Life is strange. You live through it everyday, making many of the same choices, doing the same things. I think we often take for granted just what it means to live life to the fullest. At least, I did. I was in for a rather rude awakening when a friend of mine passed away last week. It started off as just another typical day in the life of Colton: going to work at my retail job, a Starbucks iced tea in hand, when I found out that she was gone.
I’d never experienced the pang of losing a friend before. It became impossible for me to recreate the memories we shared because it felt like someone was trying to rip her out of them and replace her with this looming black shadow, coming to swallow me in this pool of spiraling depression. So what did I do? I cried. I cried so much that several customers actually asked if I was okay, and if they needed to fetch my supervisor for me. I should have been embarrassed, but instead, all I could think of was how much I wanted to cry more, just to try to drown the pain.

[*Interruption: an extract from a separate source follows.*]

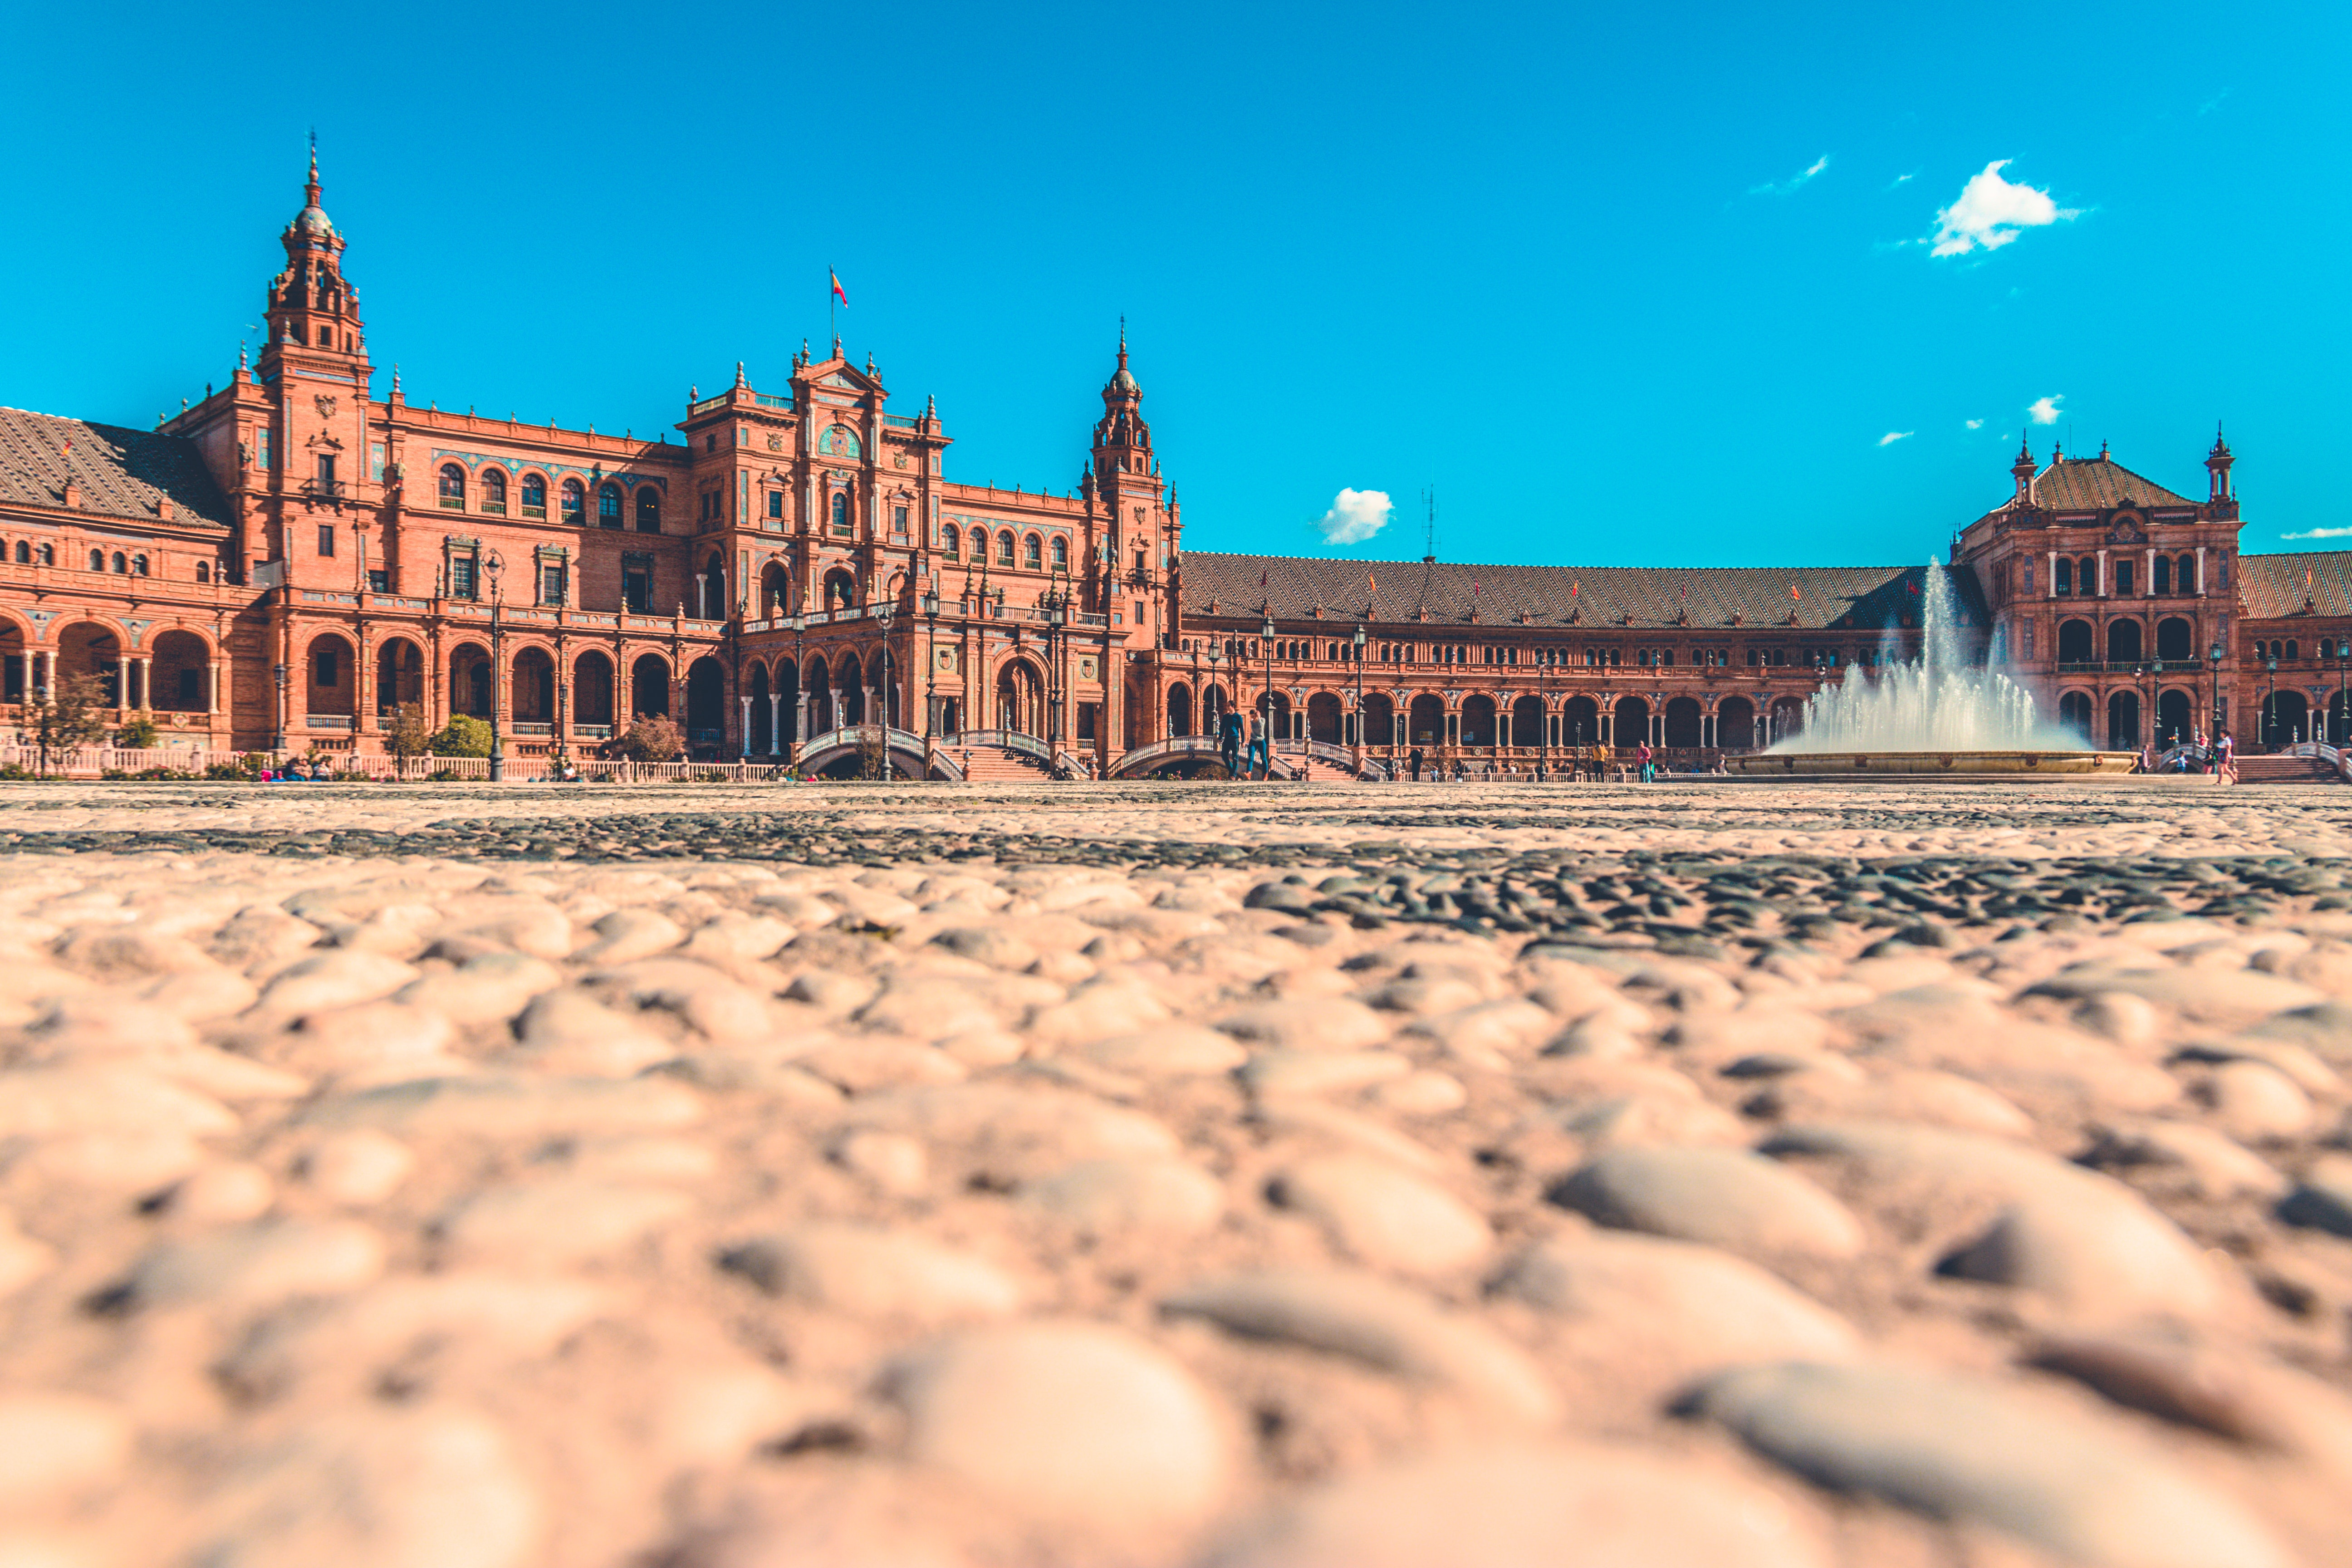 Cathedral, Alcazar, and Archivo de Indias, Seville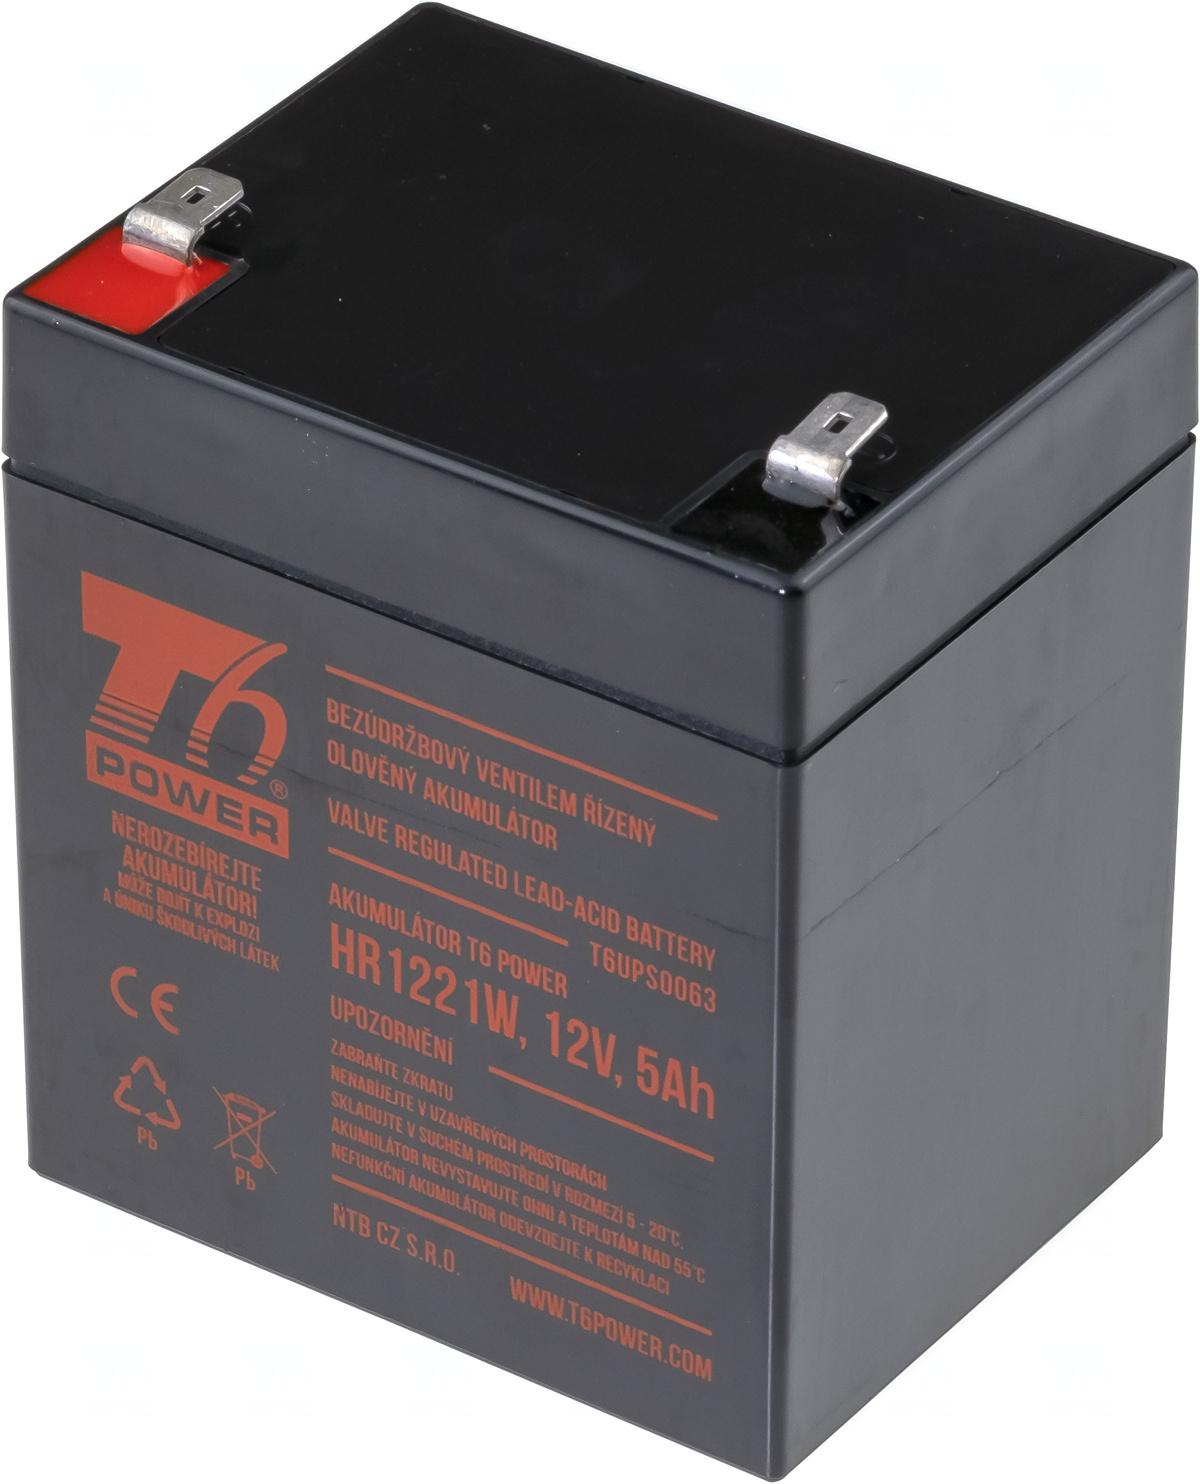 Akumulátor T6 Power HR1221W, 12V, 5Ah

As the last week has gone on, however, I’ve come to realize that dwelling on what makes me sad will get me absolutely nowhere. I’ve had to tell myself that no one — least of all me — benefits from sitting around, trying to make myself feel even worse about something that I had no power to change. What I’ve come to realize instead is that life is so easy to forget about. We wake up; we go to class; we have our jobs, our families, our hobbies, and we forget about just how special all of these little things are. We forget to take chances and embrace changes that come our way. We lose ourselves in the familiarity. We stick to what we’re used to. But I’ve decided that’s no longer what I want.
Everyone always says that there’s always tomorrow. You’ll always have another chance to change the course of your life. But that’s the thing about tomorrow; maybe it doesn’t come in the way that you anticipated, or maybe it doesn’t even come at all. This is why I want to start making every tomorrow — rather, every today — I have count. I don’t want to miss out on anything this precious life has to offer me. And I have my friend to thank for that.